Defendant requests the return of (1) $681.00, (2) one roll of film, (3) a key ring with a single key attached, and (4) three pieces of jewelry -- a gold chain, a gold bracelet, and a watch. In opposition to the motion, the government states only that it "contends that the cash taken from the defendant by the Philadelphia Police at the time of his arrest . . . constitute fruits of the crime and cannot be returned," and that "[a]ny other personal property taken from the defendant at the time of his arrest should be in the custody of the Philadelphia Police." Dkt. No. 106, at 2.

This response is inadequate. As to the items of personal property, the government may be said to constructively possess property where "it has adopted [the criminal] matter as a federal prosecution" and "'the property was considered evidence in the federal prosecution.'" United States v. Gulley, No. 05-cr-16, 2007 WL 870118, at *2 (W.D. Pa. Mar. 16, 2007) (quoting Clymore v. United States, 164 F.3d 569, 571 (10th Cir. 1999)). Here, Alston alleges that his property "was taken into evidence" for the trial. Dkt. No. 94, at 1. As a result, the fact that the government might not be in physical possession of the property is immaterial, and the government must, in any case, "do more than state, without documentary support, that it" does not have the property. Chambers, 192 F.3d at 378 (discussing a situation in which the government alleged it had previously, but no longer, possessed the property at issue). The government has similarly failed to present any evidence that the cash is, as it asserts, "fruits of the crime." Rather, the governmetn merely cites to a footnote in this court's denial of Alston's motion for a new trial concerning the credibility of Alston's testimony. See Dkt. No. 84, at 10 n.4.

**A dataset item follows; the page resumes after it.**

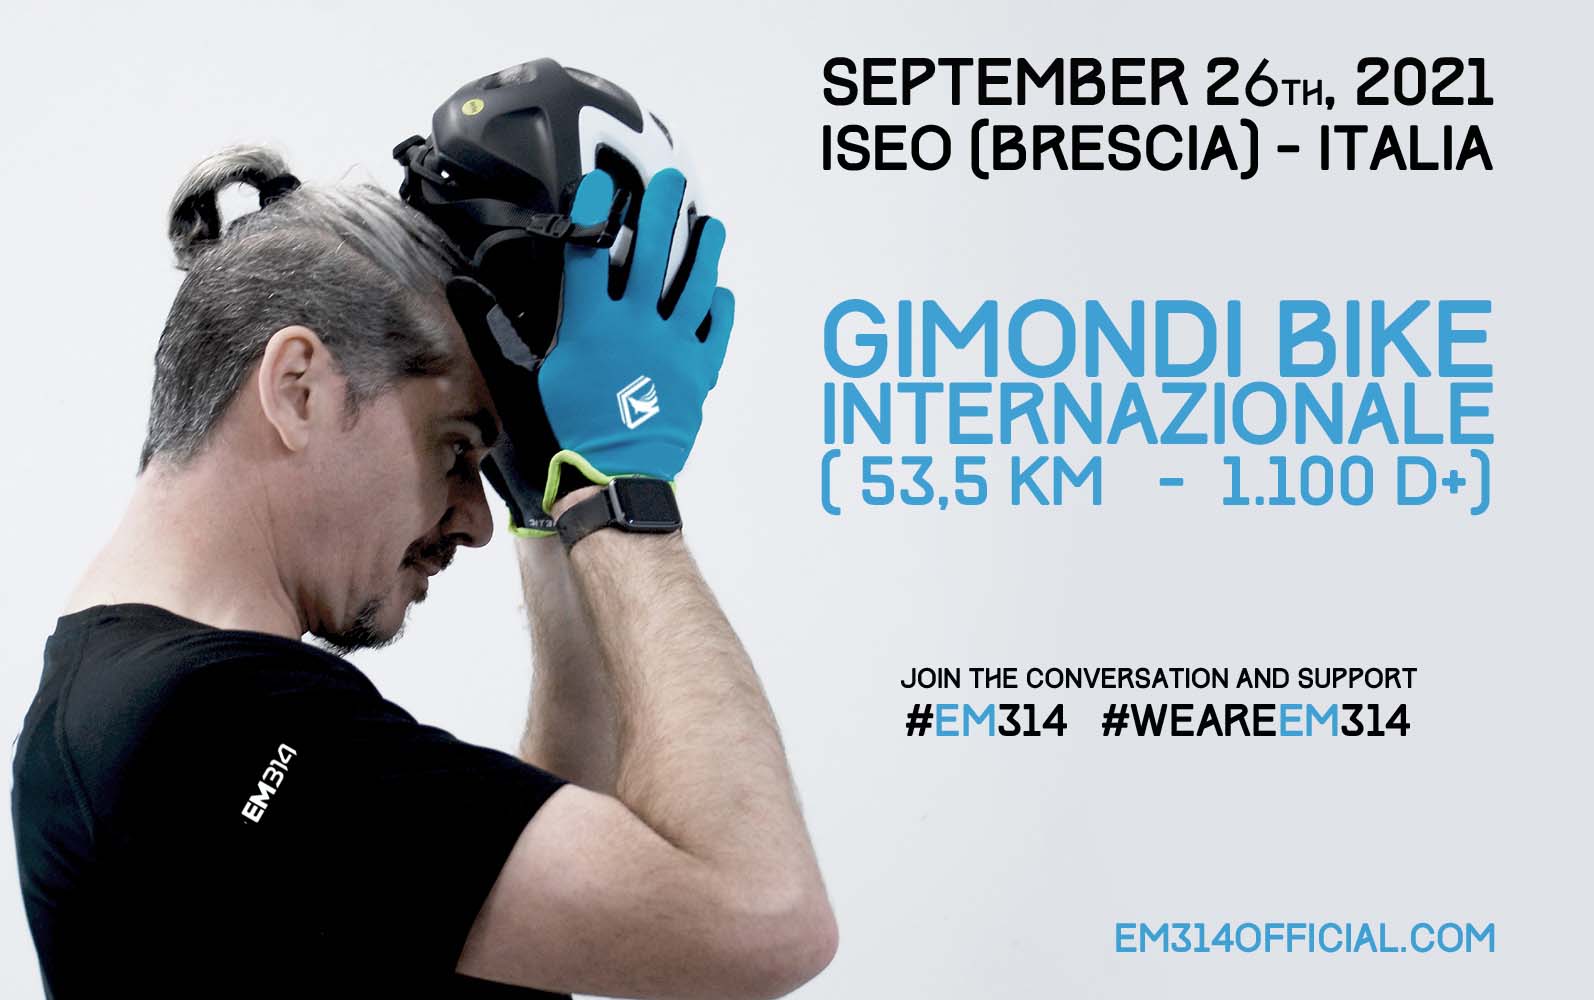 Emmanuele Macaluso “EM314” - l’atleta più green d’Italia - partecipa alla Gimondi Bike Internazionale

In light of these inadequacies and of Rule 41(g)'s requirement that this court "receive evidence" on Alston's motion, the government will be ordered to file a further brief responding in full, with evidence, to defendant's motion, and Alston will be afforded an opportunity to file a reply brief with evidence in support of his motion. This court will thereafter schedule an evidentiary hearing, if necessary.

An appropriate order accompanies this opinion.